YOUR INSTRUCTIONS. Please output exactly the part of the records below that opens with the line containing "How I Draw Hair by =ribkaDory on deviantART" and closes with the line containing "Italy - Guardia", both lines included, and nothing else.
┌──
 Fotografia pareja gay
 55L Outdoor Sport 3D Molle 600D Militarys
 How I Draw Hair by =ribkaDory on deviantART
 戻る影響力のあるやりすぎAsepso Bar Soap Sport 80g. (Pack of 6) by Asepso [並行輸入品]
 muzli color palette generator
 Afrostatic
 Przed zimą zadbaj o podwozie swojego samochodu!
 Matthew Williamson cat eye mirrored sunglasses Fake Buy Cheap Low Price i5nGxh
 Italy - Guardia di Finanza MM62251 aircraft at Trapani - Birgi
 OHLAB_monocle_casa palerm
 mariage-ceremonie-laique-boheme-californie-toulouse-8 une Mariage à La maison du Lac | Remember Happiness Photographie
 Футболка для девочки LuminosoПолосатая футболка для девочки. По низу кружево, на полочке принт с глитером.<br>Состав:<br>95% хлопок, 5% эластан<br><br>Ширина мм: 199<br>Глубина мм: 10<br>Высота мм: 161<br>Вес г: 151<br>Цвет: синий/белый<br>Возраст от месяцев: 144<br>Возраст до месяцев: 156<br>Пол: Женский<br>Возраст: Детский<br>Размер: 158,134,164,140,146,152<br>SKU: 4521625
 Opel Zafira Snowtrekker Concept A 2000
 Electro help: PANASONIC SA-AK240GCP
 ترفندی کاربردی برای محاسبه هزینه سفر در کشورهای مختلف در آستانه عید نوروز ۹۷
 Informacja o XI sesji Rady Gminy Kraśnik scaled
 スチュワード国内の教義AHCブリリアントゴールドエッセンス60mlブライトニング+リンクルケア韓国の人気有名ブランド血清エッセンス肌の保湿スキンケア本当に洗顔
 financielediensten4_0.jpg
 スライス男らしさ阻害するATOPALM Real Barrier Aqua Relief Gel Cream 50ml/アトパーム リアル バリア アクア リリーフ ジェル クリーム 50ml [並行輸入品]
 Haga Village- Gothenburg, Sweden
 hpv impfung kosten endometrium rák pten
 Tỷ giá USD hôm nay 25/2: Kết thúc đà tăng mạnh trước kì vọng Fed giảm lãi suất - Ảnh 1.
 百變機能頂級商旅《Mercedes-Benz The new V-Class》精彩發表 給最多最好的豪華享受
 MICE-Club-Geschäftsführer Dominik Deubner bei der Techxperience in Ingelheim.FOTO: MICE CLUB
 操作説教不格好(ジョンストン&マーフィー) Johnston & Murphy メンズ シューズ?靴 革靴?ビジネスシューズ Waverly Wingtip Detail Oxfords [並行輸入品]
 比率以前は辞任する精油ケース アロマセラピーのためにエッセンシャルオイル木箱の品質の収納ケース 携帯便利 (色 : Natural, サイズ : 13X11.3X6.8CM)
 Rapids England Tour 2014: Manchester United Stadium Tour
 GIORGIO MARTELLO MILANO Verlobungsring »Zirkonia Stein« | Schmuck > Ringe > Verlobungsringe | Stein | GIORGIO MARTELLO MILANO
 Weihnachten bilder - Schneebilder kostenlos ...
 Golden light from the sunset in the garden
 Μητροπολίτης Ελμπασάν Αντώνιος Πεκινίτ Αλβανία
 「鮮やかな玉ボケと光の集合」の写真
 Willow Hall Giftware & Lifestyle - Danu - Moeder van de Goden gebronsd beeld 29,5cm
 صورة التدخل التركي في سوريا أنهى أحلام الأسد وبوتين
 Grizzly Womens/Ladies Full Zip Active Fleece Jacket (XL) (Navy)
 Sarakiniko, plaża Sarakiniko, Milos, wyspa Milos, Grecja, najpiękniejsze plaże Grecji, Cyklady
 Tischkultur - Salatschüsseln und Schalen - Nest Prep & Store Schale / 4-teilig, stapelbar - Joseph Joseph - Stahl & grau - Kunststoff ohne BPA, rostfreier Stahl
└──
RESPONSE AREA.
 How I Draw Hair by =ribkaDory on deviantART
 戻る影響力のあるやりすぎAsepso Bar Soap Sport 80g. (Pack of 6) by Asepso [並行輸入品]
 muzli color palette generator
 Afrostatic
 Przed zimą zadbaj o podwozie swojego samochodu!
 Matthew Williamson cat eye mirrored sunglasses Fake Buy Cheap Low Price i5nGxh
 Italy - Guardia di Finanza MM62251 aircraft at Trapani - Birgi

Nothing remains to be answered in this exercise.